The philosophical primate has some thoughts on being asked to do six impossible things before breakfast. The Faculty Senate asked for his input on a new initiative from the state legislature and board of regents. He responded to the following question:
2. Given increased enrollment and smaller budgets, how can we maintain and improve student success and retention?
That’s a good one, isn’t it. Uh…we can’t. Der. More students and less money: not the way to maintain and improve student success and retention. That’s like asking: given fewer workers and supplies, how can we get this building project finished faster and better?
The pp put it more eloquently.
The board of regents and state legislature can demand whatever they want — they can demand that faculty alter time and space, suspend gravity, and invent perpetual motion machines — but we cannot meet demands for what is simply impossible. When someone insists that you do something impossible, the only correct and sane answer is, “No.” Any response to their demands other than honestly telling them how and why their demands are impossible would simply reinforce their deluded conviction that they can create the results they want by simply insisting that the people and institutions they have power over produce them. Real-world results cannot be produced by fact-ignoring fiat, and hard problems cannot be solved by insisting that someone lower down the totem pole solve them — especially when that insistence is accompanied by a reduction in the resources available to carry out the work needed to fix those problems.

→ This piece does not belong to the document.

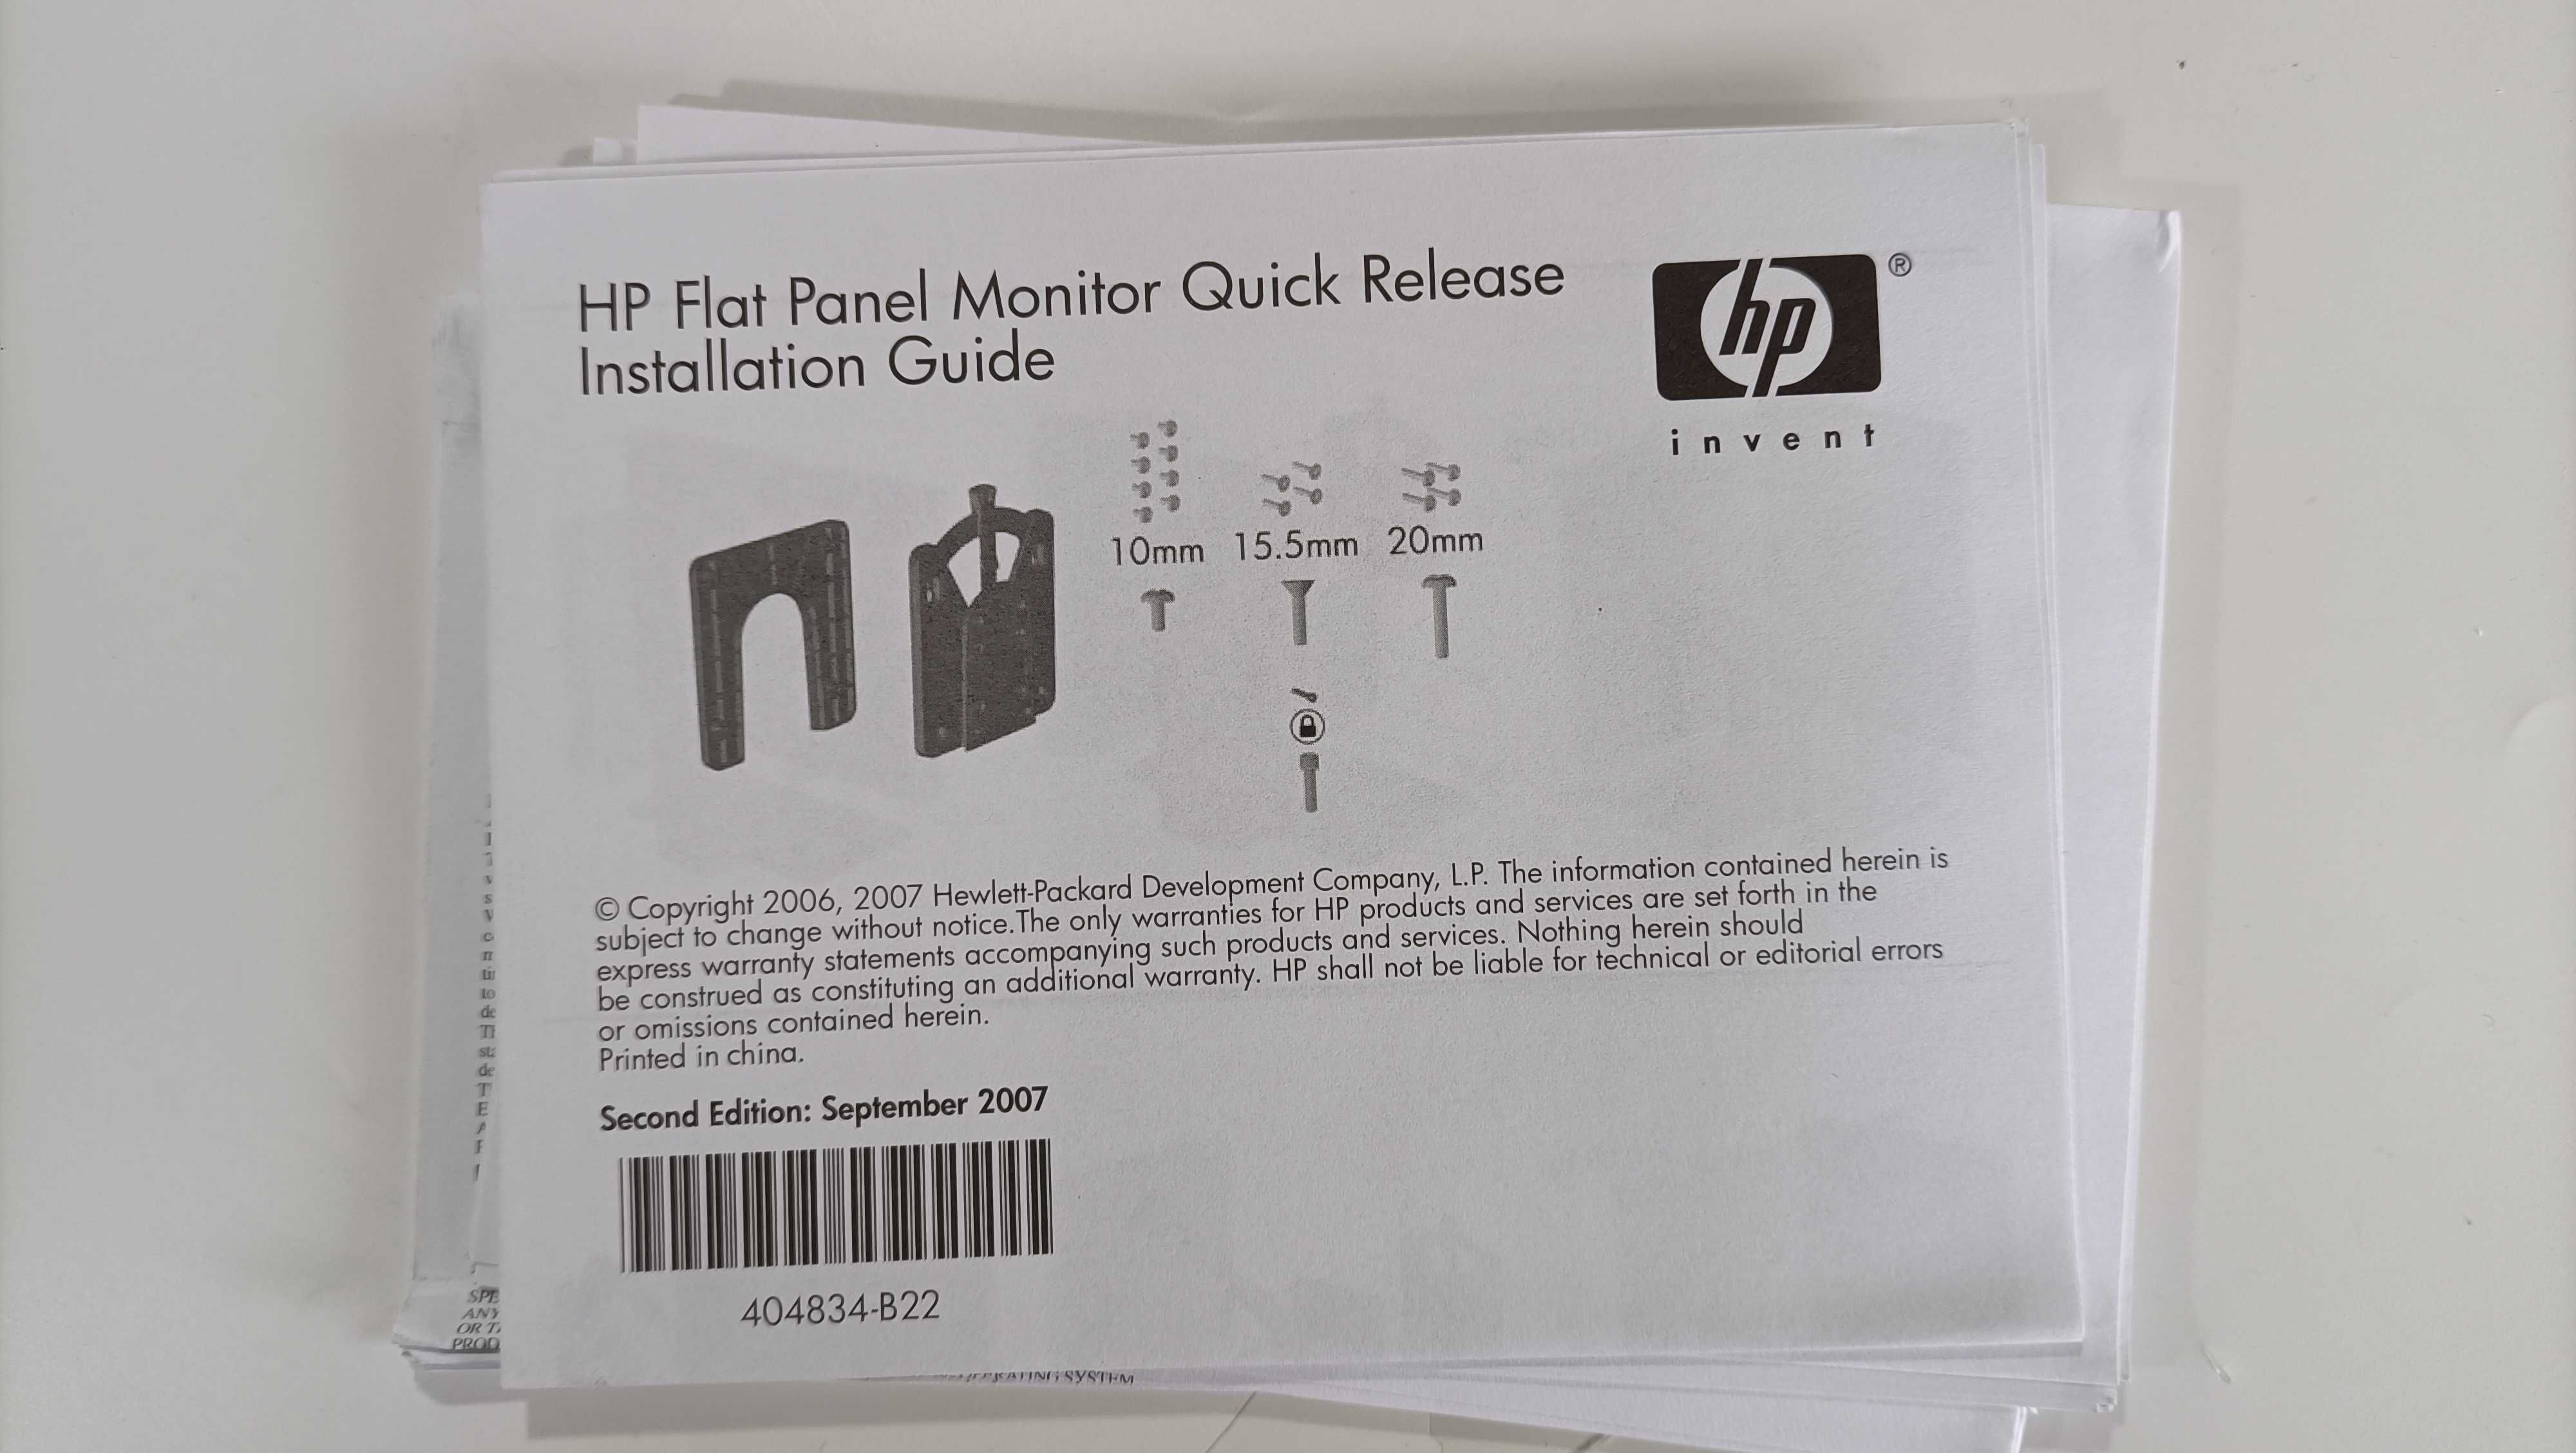 Suporte VESA HP Quick Release monitor mount

So don’t ask insulting questions. If you have to impose increased enrollment and smaller budgets, don’t ask the proles how they can do even better.

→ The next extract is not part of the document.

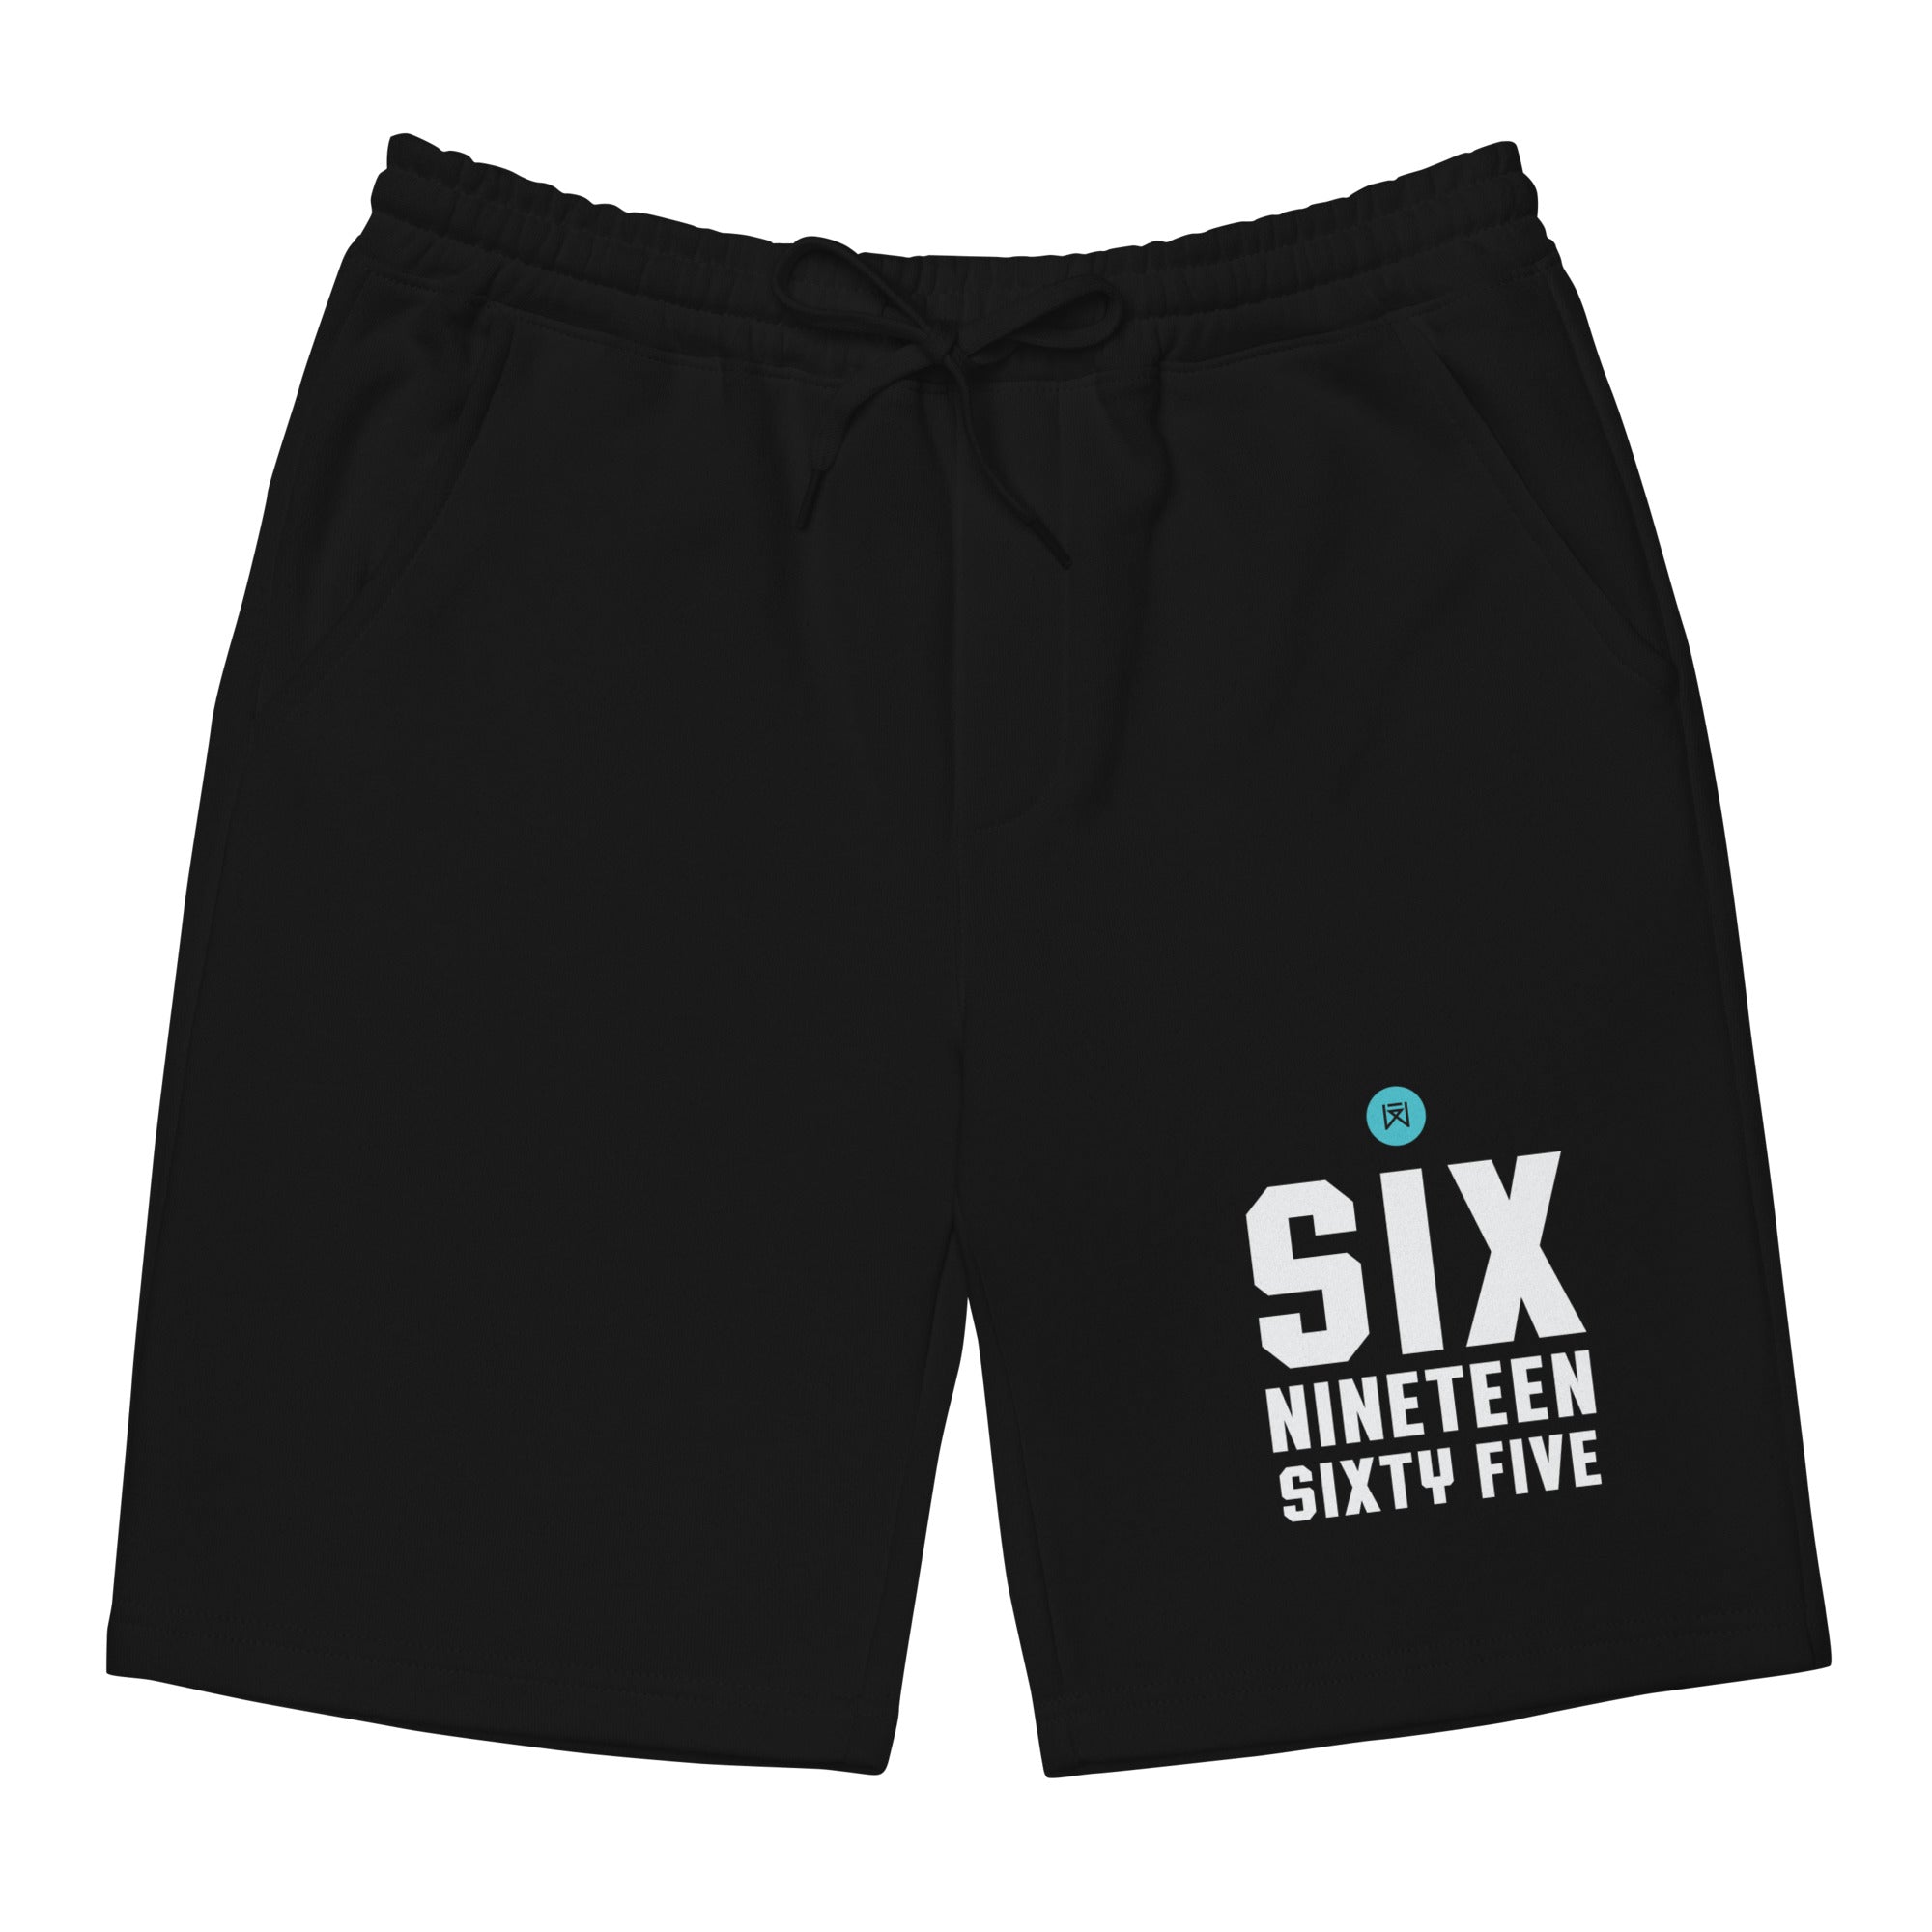 Six Nineteen Sixty Five - Juneteenth Shorts (Onyx)

It is a fundamental principle of ethics (my field of study) that “ought implies can,” which simply means that one cannot be obligated to do something that is not in one’s power to do. Surely at some level the powers that be must be aware of the self-contradictory nature of their demands, and that those demands cannot be met — but if they are not aware, that does not obligate us to nevertheless try to meet those demands. If we are obligated to do anything, it is to make them aware that their demands are impossible, and to explain why. In other words, we are obligated to educate them — which, after all, is our calling.
School those powers that be. School them good.